KUALA LUMPUR: Bank Negara Malaysia decided to maintain the Overnight Policy Rate (OPR) at 1.75% at the Monetary Policy Committee (MPC) meeting on Thursday, which was in line with economists’ expectations.
It said in a statement that for the Malaysian economy, better-than-expected economic activity in the first quarter of 2021 continued into April. These were reflected by latest indicators, particularly on exports, retail spending and labour market conditions, it said.
However, Bank Negara noted the reimposition of nation-wide containment measures to curb the resurgence in Covid-19 cases will dampen the growth momentum.
“The degree of impact to the economy is highly dependent on the stringency and duration of containment measures, ” it said.
StarBiz reported that after a cumulative 125 basis points cut in the OPR last year to fuel economic growth, economists agree that the current interest rate is sufficient to accommodate the economy.
“A cut in interest rates is not likely to help to stimulate the economy due to inflationary pressure amid the pandemic and tighter restrictions. Most parts of the Klang Valley are under a two-week enhanced movement control order, ” StarBiz reported.
There were 8, 868 new Covid-19 infections on Thursday, bringing the cumulative cases to 808, 658 in the country. Selangor had the most infections at 4, 152 and raising the total in the state to 272, 993 cases.
On the impact of the containment measures, Bank Negara pointed out continued allowances for essential economic sectors to operate and various policy support packages would partly mitigate the impact of the restrictions.
It noted the essential sectors were allowed to operate albeit at a reduced capacity while higher adaptability to remote work, automation and digitalisation will partly mitigate the impact of restrictions.
“The various policy support packages will alleviate some of the financial burdens of households and businesses. Favourable external demand conditions will continue to provide a lift to growth.
“Going forward, the gradual relaxation of containment measures, alongside the rapid progress of the domestic vaccination programme and continued strength in external demand will provide support for the growth recovery into 2022, ” it said.
On the inflation rate, it said the headline inflation spiked recently due mainly to the base effect from low fuel prices in the second quarter of last year.
“This spike is transitory and headline inflation is projected to moderate in the near term as this base effect dissipates.
“For 2021 as a whole, headline inflation is projected to average closer to the lower bound of the forecast range.
“Underlying inflation, as measured by core inflation, is expected to remain subdued, averaging between 0.5% and 1.5% for the year, amid continued spare capacity in the economy, ” it said, adding that however the outlook was subject to global commodity price developments.
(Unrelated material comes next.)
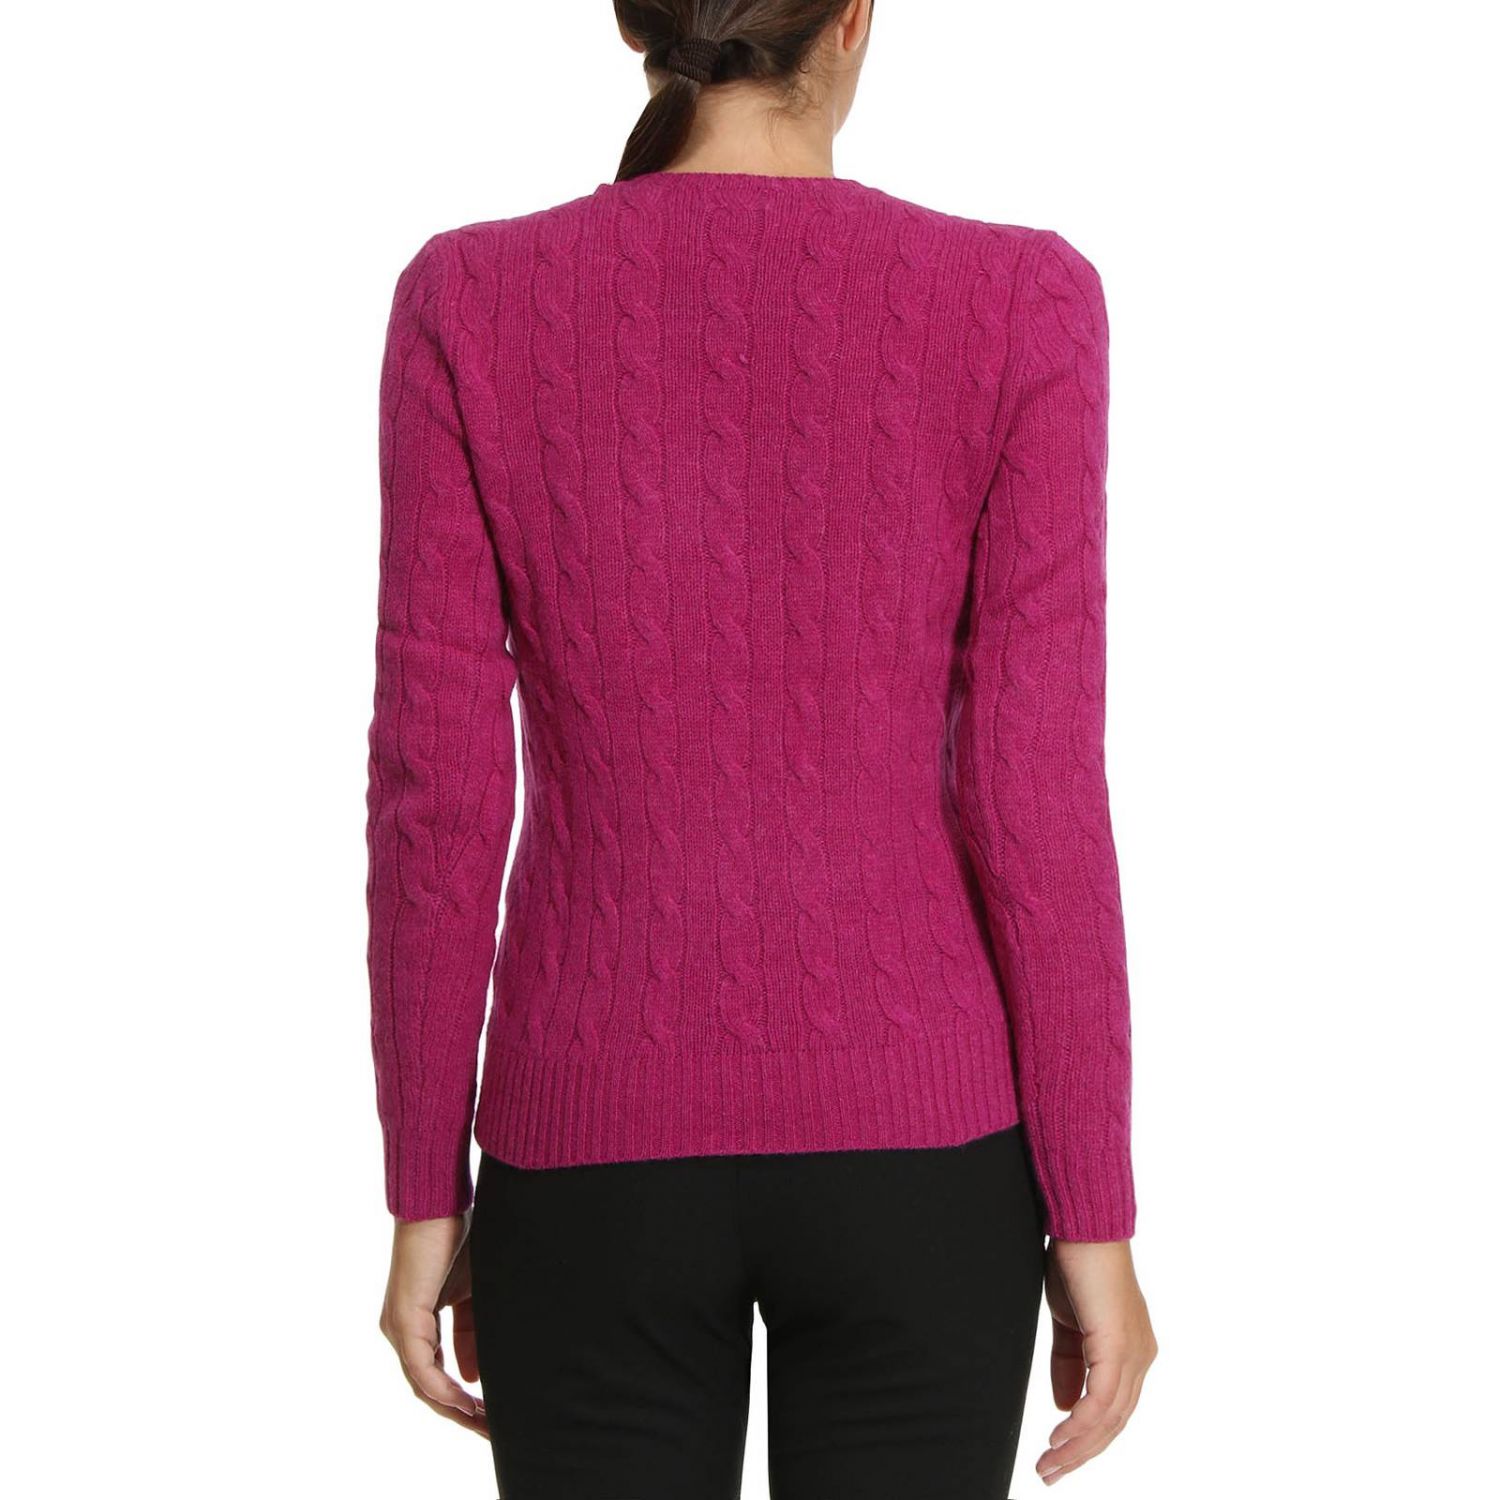 Polo Ralph Lauren Outlet: Sweater women | Sweater Polo Ralph Lauren ...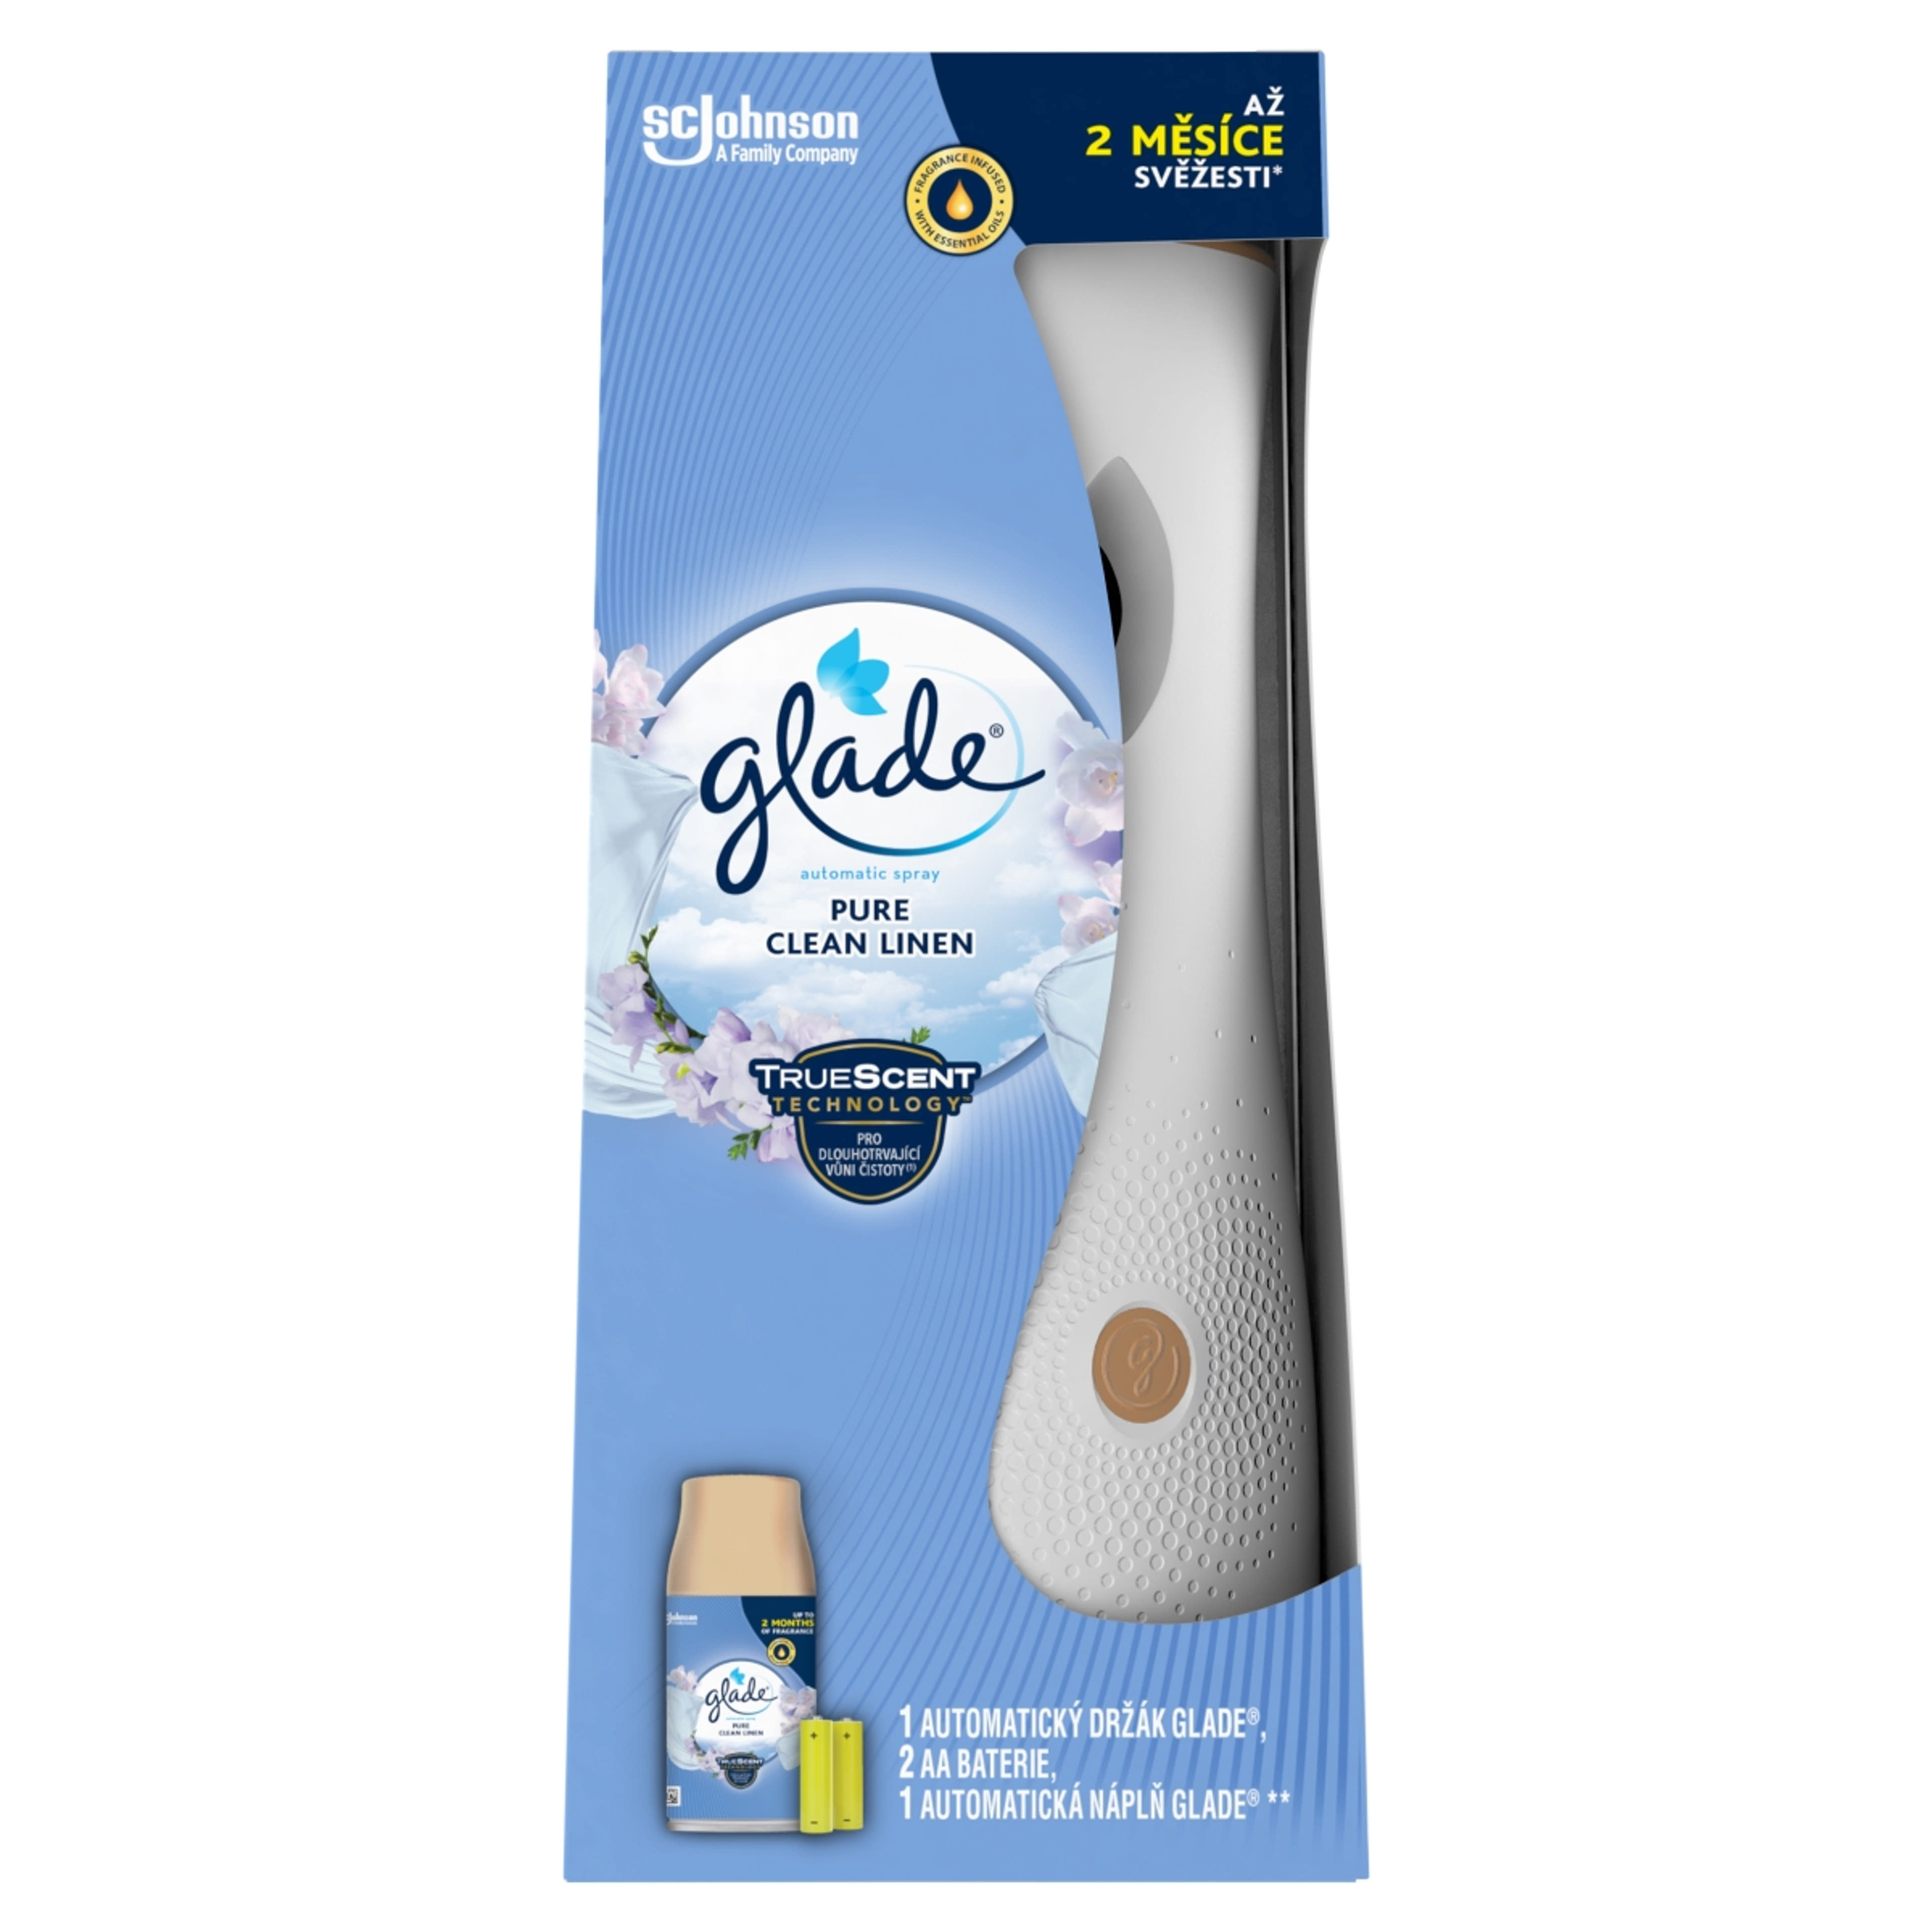 Glade Pure Clean Linen automata légfrissítő készülék - 269 ml

“The MPC considers the stance of monetary policy to be appropriate and accommodative. In addition, fiscal and financial measures will continue to cushion the economic impact on businesses and households and provide support to economic activity.
“Given the uncertainties surrounding the pandemic, the stance of monetary policy will continue to be determined by new data and information and their implications on the overall outlook for inflation and domestic growth.
“The Bank remains committed to utilise its policy levers as appropriate to foster enabling conditions for a sustainable economic recovery, ” Bank Negara said.